I don’t think this camera is a Sony FX9 or Canon C300 Mark III competitor. Those are completely different types of cameras that are aimed at a specific market. Anyone who is currently shooting content with an FX9 or C300 Mark III is not going to be selling their camera to buy an URSA Mini Pro 12K.

In my opinion, the URSA Mini Pro 12K is more of a competitor to cameras from Kinefinity, Z Cam and RED. The options from Kinefinity and Z Cam are positioned as ‘affordable’ digital cinema cameras and they are sure to take a big hit from the Blackmagic. RED may well also take a hit with the release of this camera. However, I don’t think a lot of RED shooters will be selling their cameras to buy an URSA Mini Pro 12K either. Most RED shooters are firmly entrenched into the whole RED family and they are very loyal.
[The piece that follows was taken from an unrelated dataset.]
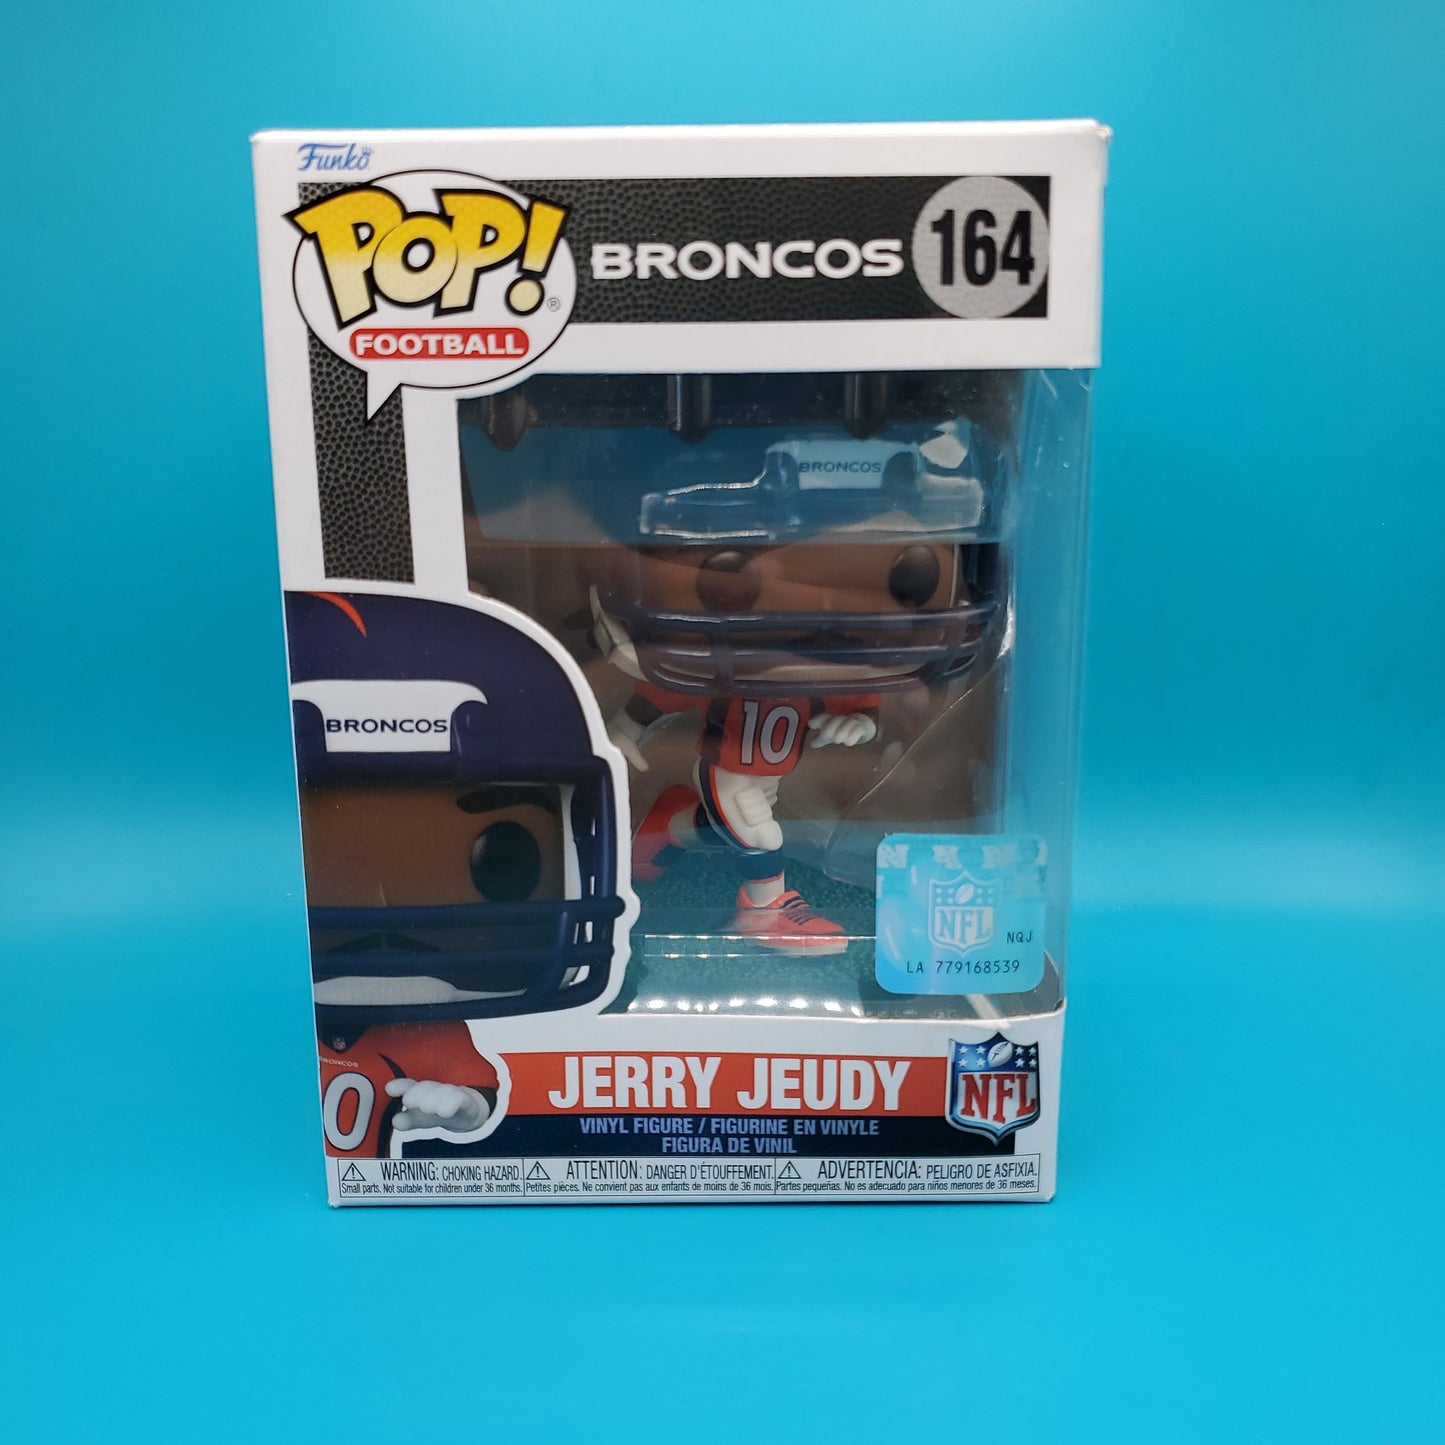 Jerry Jeudy - 164 - NFL

Look, apart from being somewhat niche, I really like what Blackmagic has done with the URSA Mini Pro 12K. While I’m not the biggest fan of the design and form factor, you have to give them credit where credit is due. They haven’t just followed everyone else, they have run their own race and gone down their own path. It is always a risk when you forge your own path, and Blackmagic has stumbled and fallen on occasion, but they keep getting up and moving forward.

As always, the proof will be in the pudding and just how the camera performs out in the real world will be interesting to see. The impressive specifications on paper need to translate over to actual performance.

Forget about the 12K, but look deeper into what Blackmagic has done here. There is a lot of great innovation that has gone into this camera.